START PROVIDED RECORDS

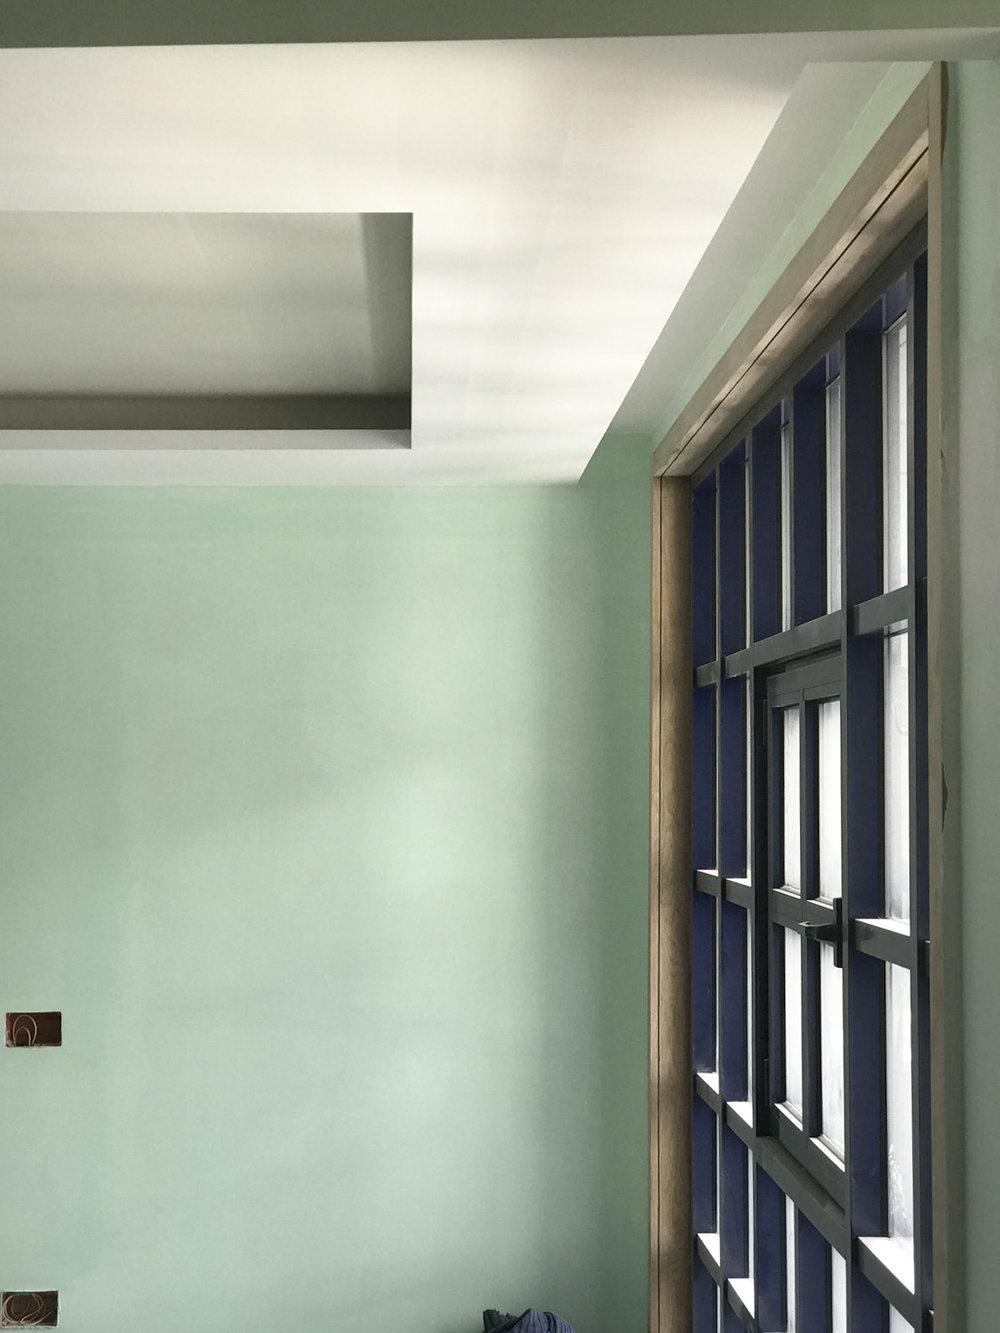 Apartamento Azul Farol - Porto - EVA evolutionary architecture - EVA atelier - Arquitecto - Remodelação (16).jpg
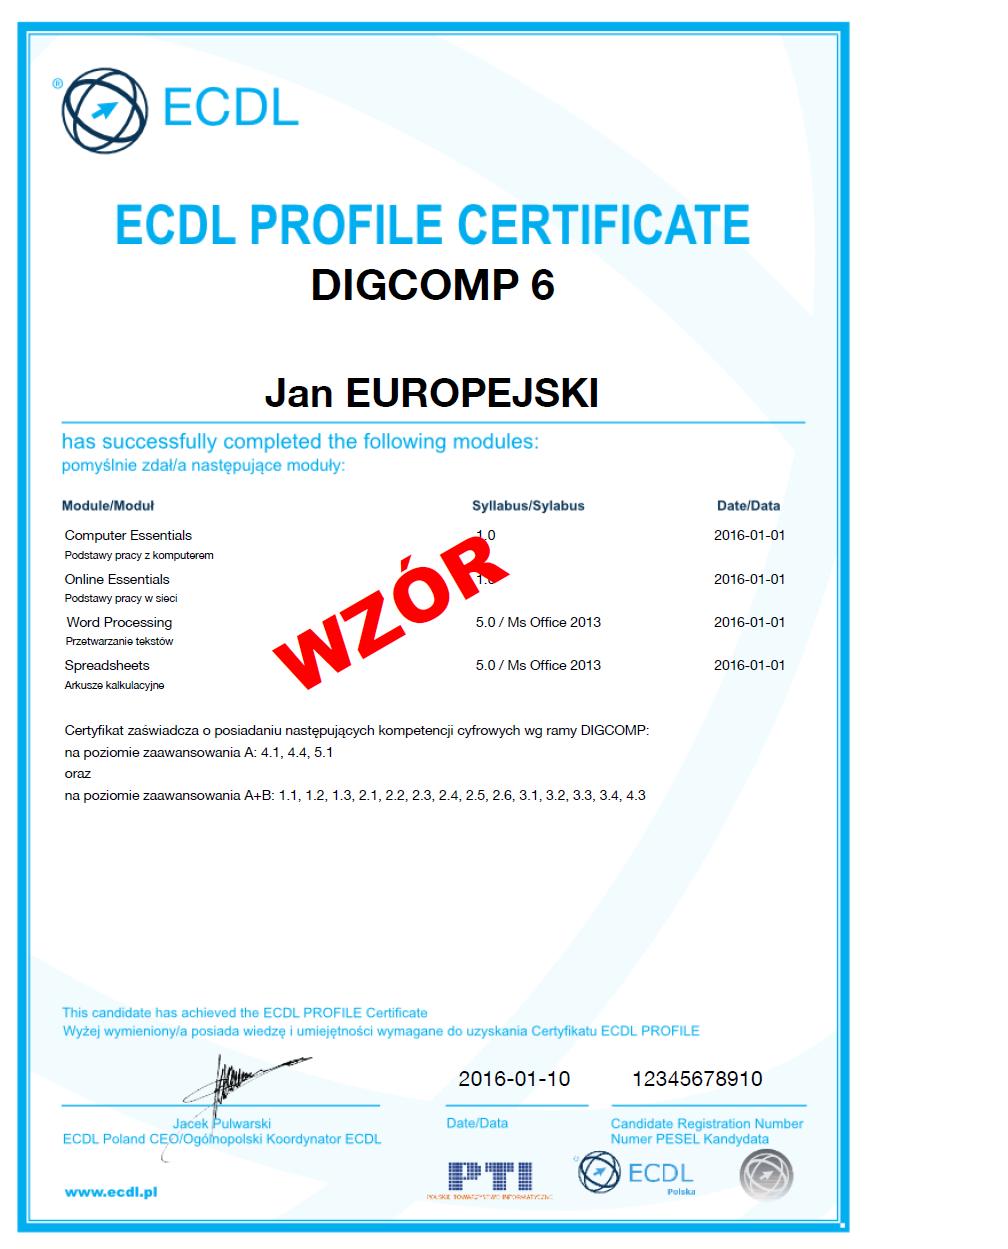 ECDL Profile DIGCOMP wzór certyfikatu
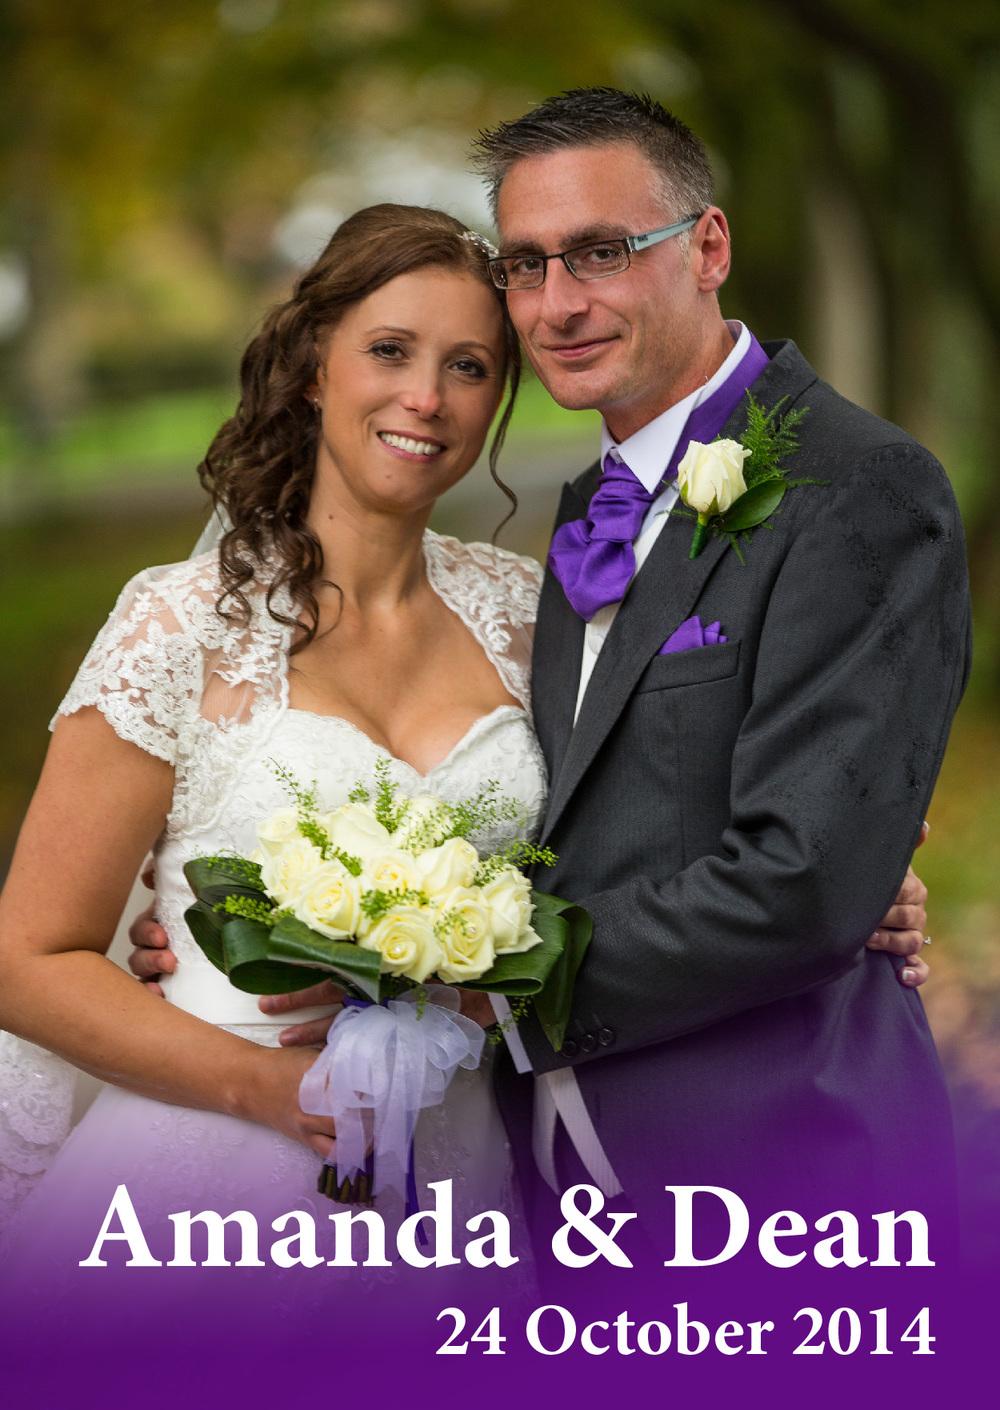 Amanda & Dean's Wedding
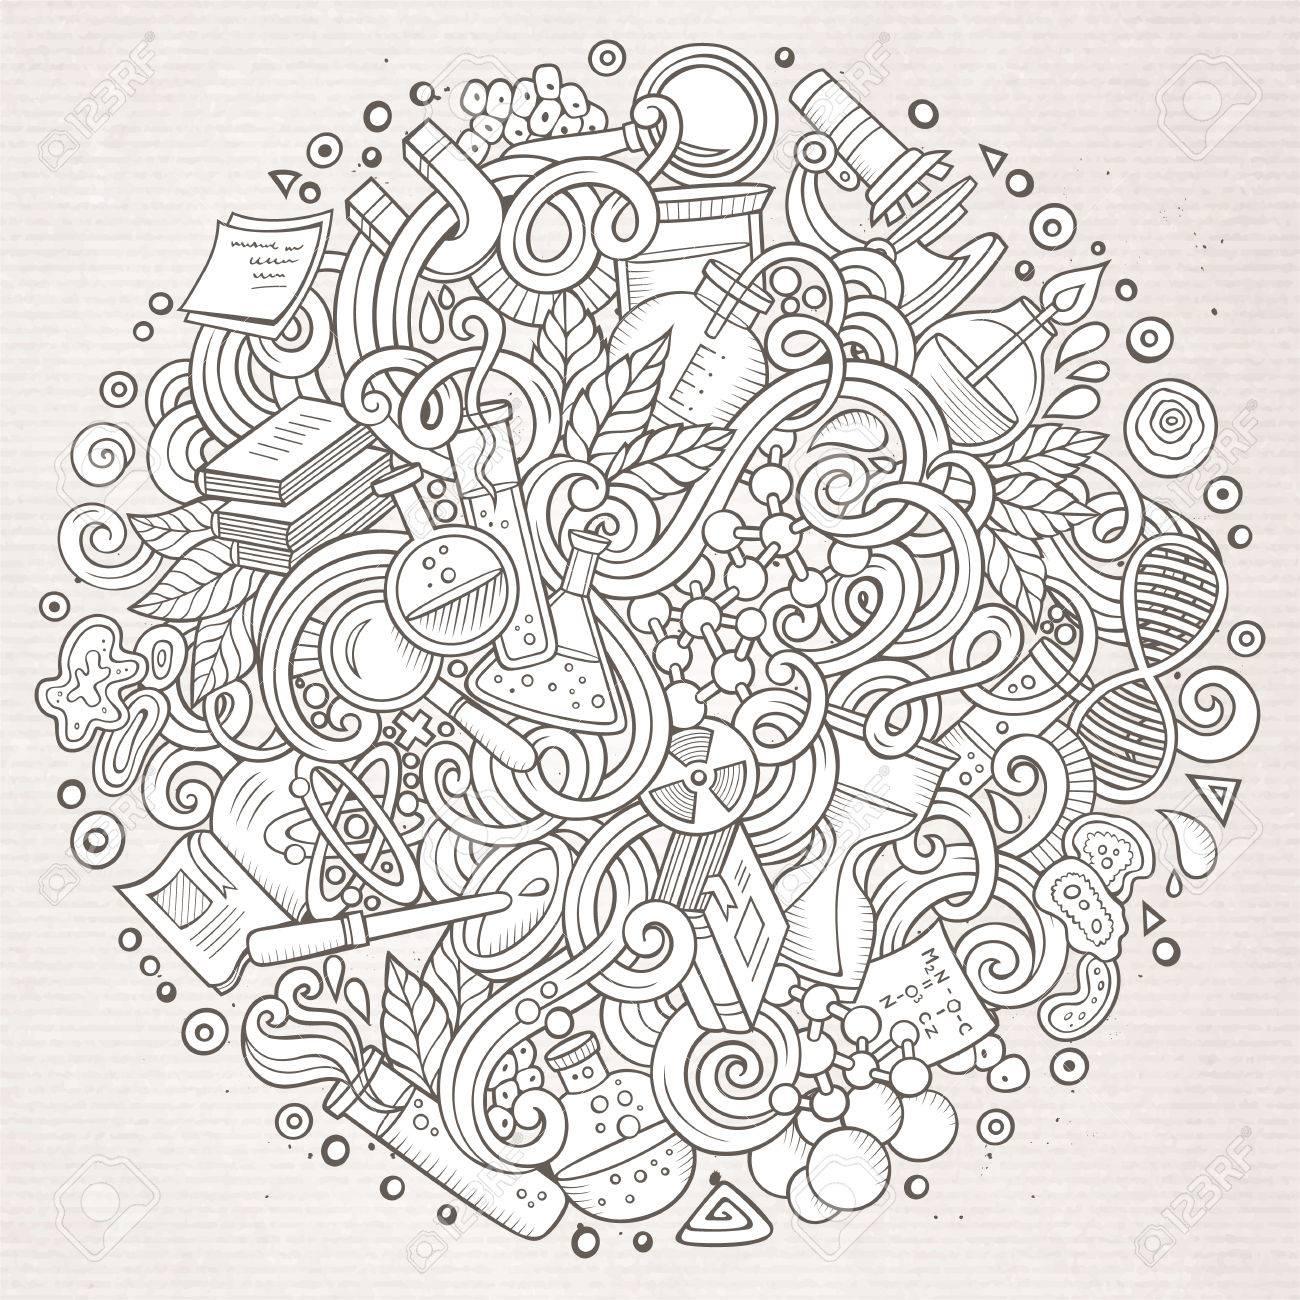 かわいい落書き科学イラストを漫画します詳細はオブジェクトの背景の
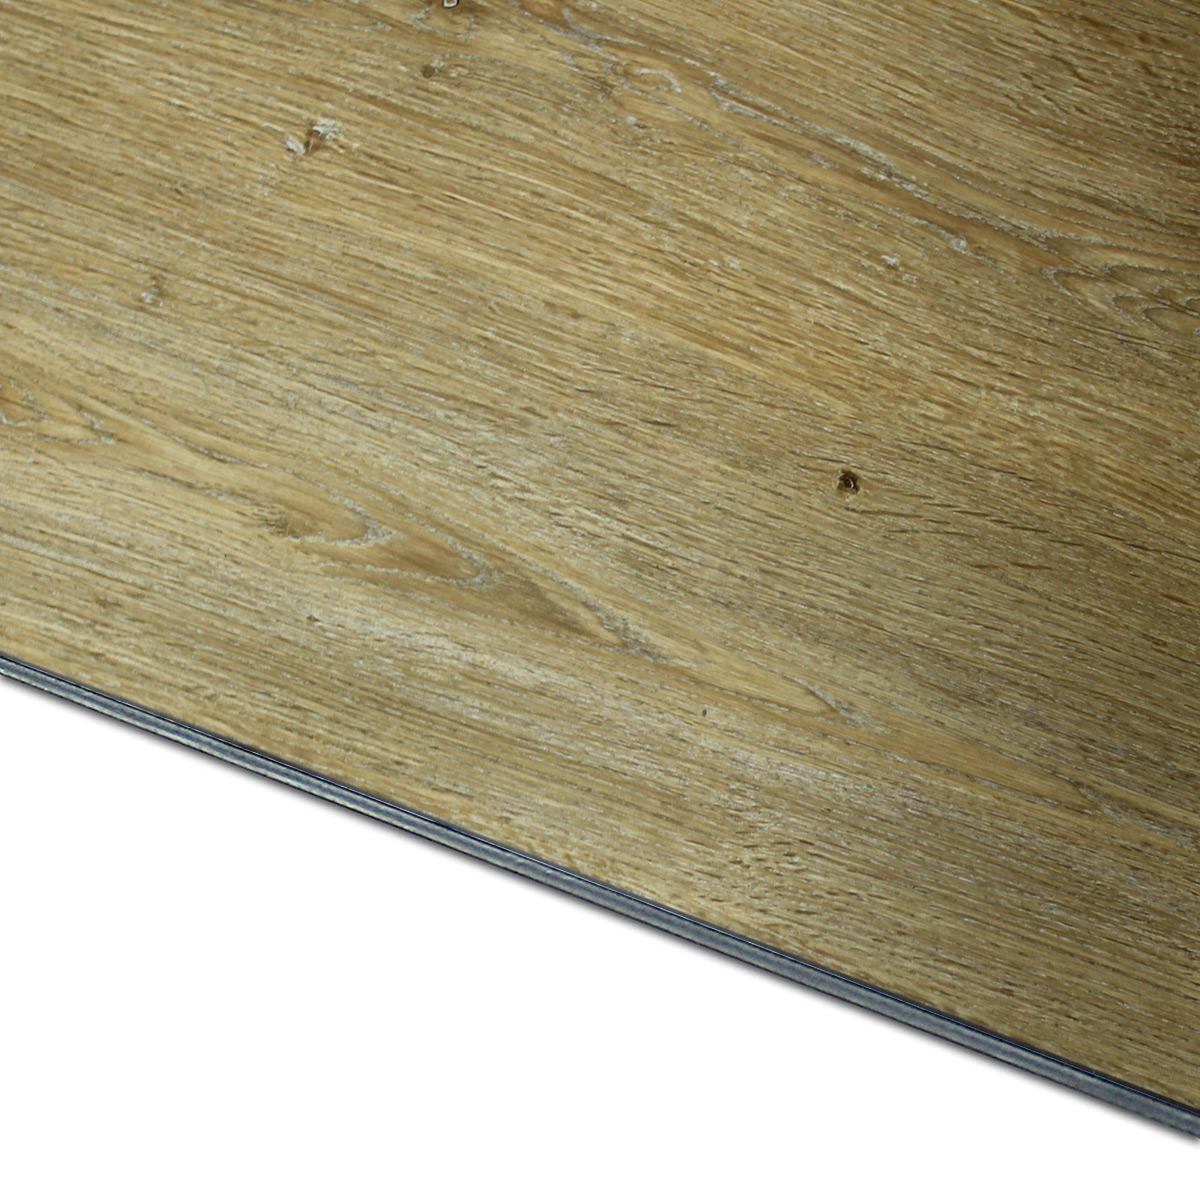 neuholz 2 4 m click vinyl laminate vinyl flooring oak flooring limed ebay. Black Bedroom Furniture Sets. Home Design Ideas

END PROVIDED RECORDS

▶ YOUR ASSIGNMENT
Leaving the pictures out, print every line of the listing exactly.

▶ REPLY
 Apartamento Azul Farol - Porto - EVA evolutionary architecture - EVA atelier - Arquitecto - Remodelação (16).jpg
 ECDL Profile DIGCOMP wzór certyfikatu
 Amanda & Dean's Wedding
 かわいい落書き科学イラストを漫画します詳細はオブジェクトの背景の
 neuholz 2 4 m click vinyl laminate vinyl flooring oak flooring limed ebay. Black Bedroom Furniture Sets. Home Design Ideas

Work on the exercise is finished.